# races at parklane



## honda27 (Apr 17, 2008)

ok guys next friday june 7th races at park lane hobbies at 7 pm skinny/ wide tire tjets and hotrods.


----------



## honda27 (Apr 17, 2008)

*Races*

They r still on for tonight.


----------



## Ratwagon64 (Dec 23, 2011)

What is on for tonight?
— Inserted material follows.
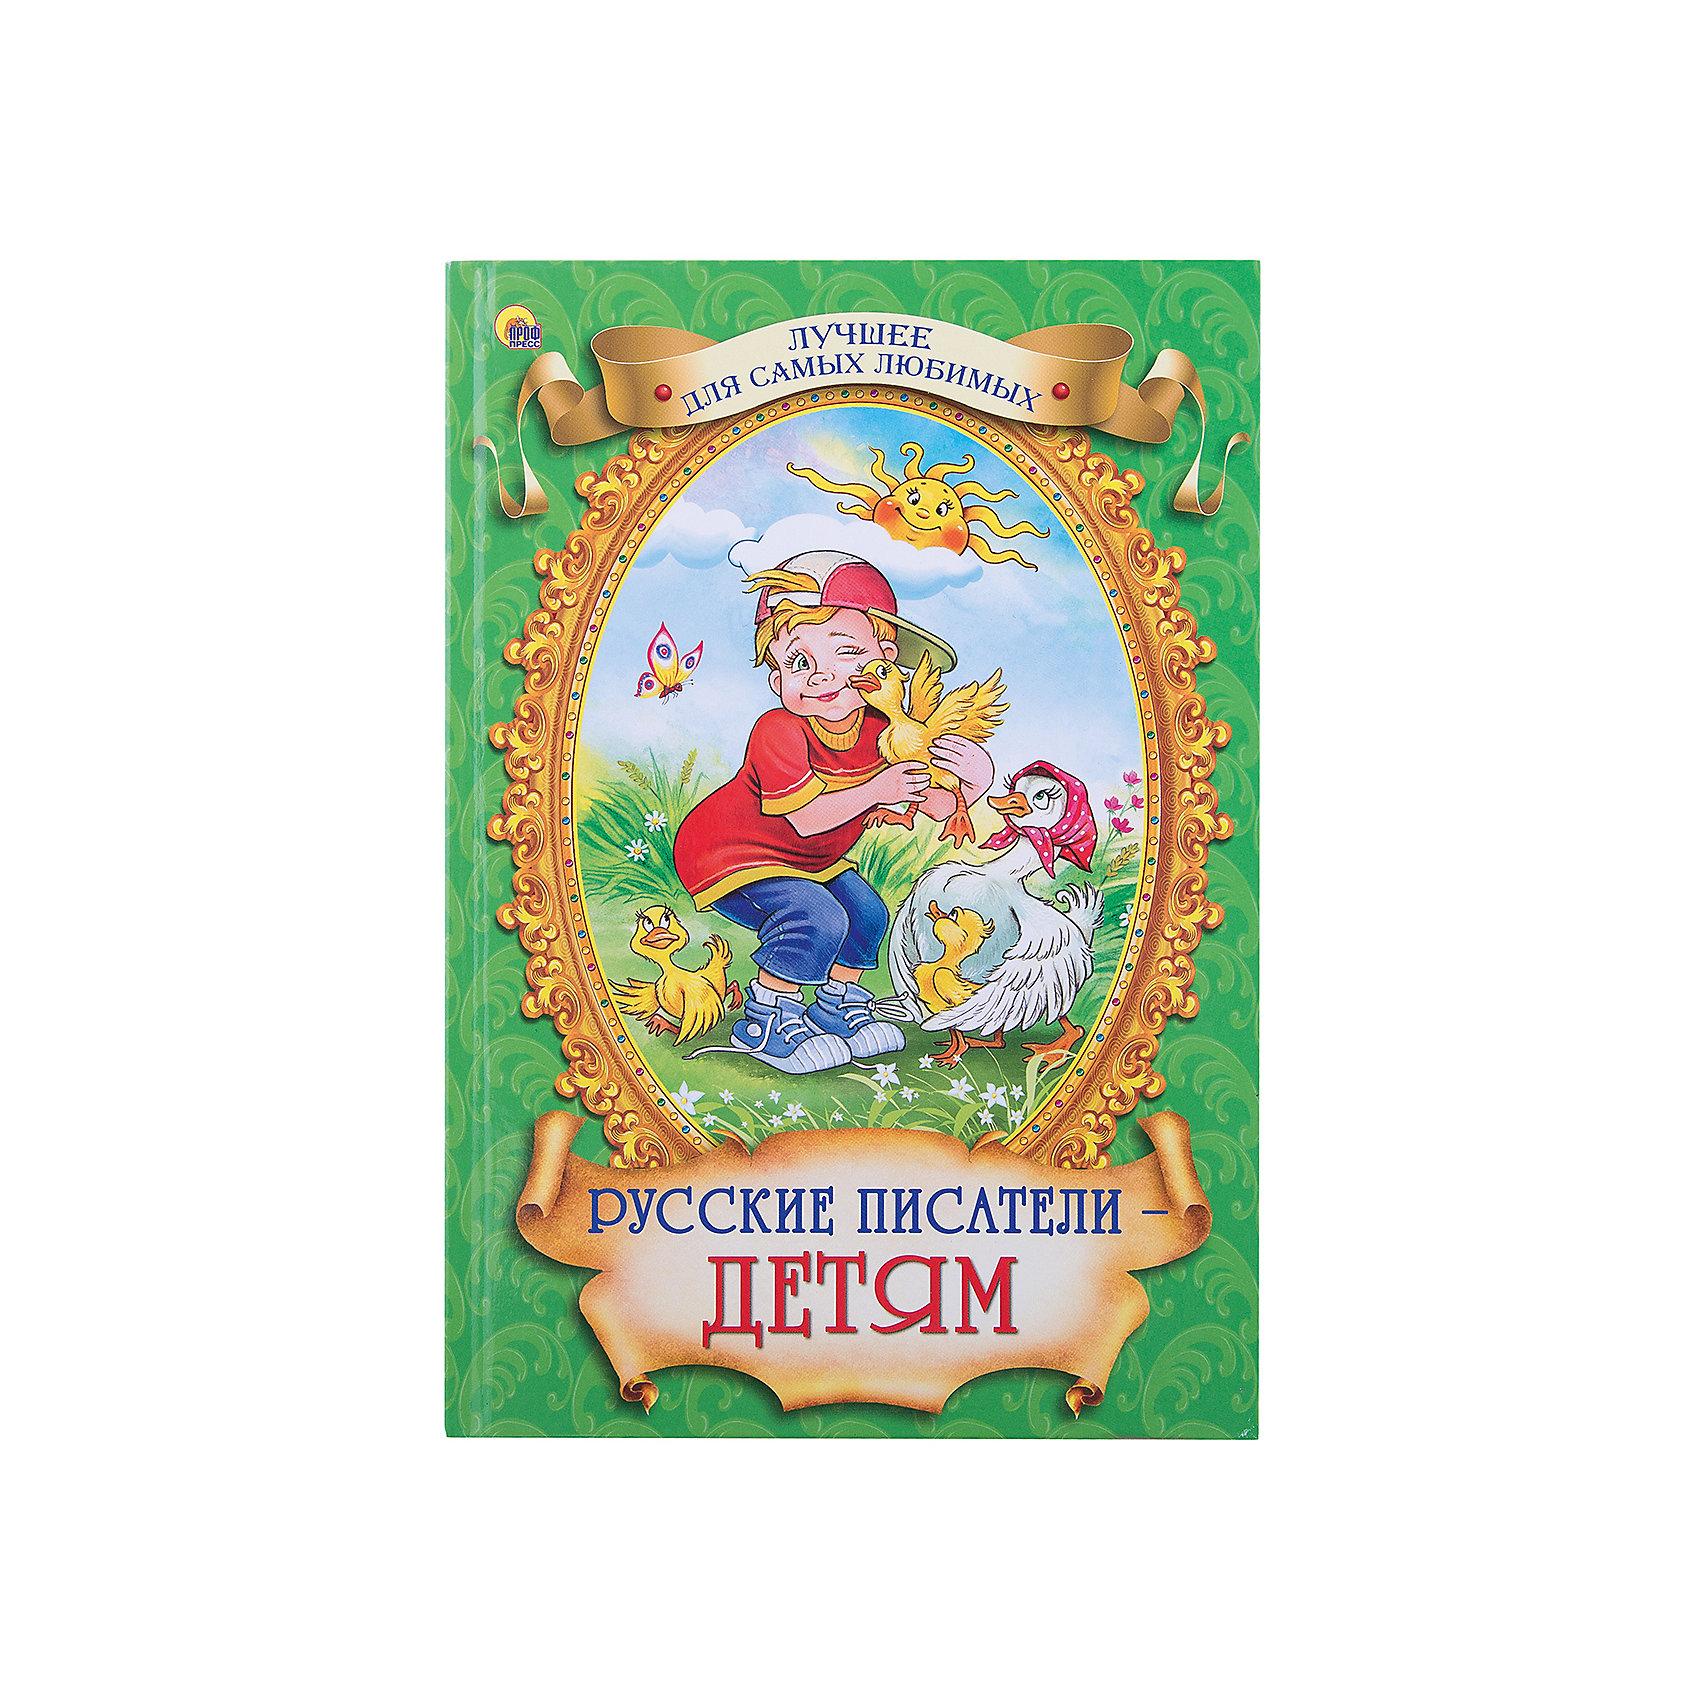 Сборник Русские писатели - детям, А. Чехов, Л. Толстой и др.Данная серия собрала рассказы и сказки, проверенные многими поколениями, которые понравятся и современным детям. Книги - это лучший подарок не только взрослым, они помогают детям познавать мир и учиться читать, также книги позволяют ребенку весело проводить время. Они также стимулируют развитие воображения, логики и творческого мышления.<br>Это издание очень красиво оформлено, в него вошли самые интересные произведения. Яркие картинки обязательно понравятся малышам! Книга сделана из качественных и безопасных для детей материалов.<br>  <br>Дополнительная информация:<br><br>размер: 170x246 мм;<br>вес: 281 г.<br><br>Книгу Русские писатели - детям, А. Чехов, Л. Толстой и др. от издательства Проф-Пресс можно купить в нашем магазине.<br><br>Ширина мм: 170<br>Глубина мм: 13<br>Высота мм: 246<br>Вес г: 281<br>Возраст от месяцев: 0<br>Возраст до месяцев: 60<br>Пол: Унисекс<br>Возраст: Детский<br>SKU: 4787311

Pat


----------



## honda27 (Apr 17, 2008)

*races*

at hobby shop 4 friday night not thursday.


----------



## brownie374 (Nov 21, 2007)

honda27 said:


> They r still on for tonight.


Cool a Thursday night race! 7 pm start time?


----------



## honda27 (Apr 17, 2008)

*races*

Races at park lane were called off for friday june 7th only 5 guys showed up so no races. it was chilly out side wonder why no 1 showed up to race. was it cause there is a sunday race. on same week as friday race so no 1 shows up at hobby shop to race.
five who showed up 
darrell 
rick 
bart
tom 
kriket
TY.


----------



## alpink (Aug 22, 2010)

who is TY?


----------



## ajd350 (Sep 18, 2005)

Must be another new guy........LOL:tongue:

Just that time of the year, Darrell. Crowd may be thin.


----------



## honda27 (Apr 17, 2008)

*races*

done.


----------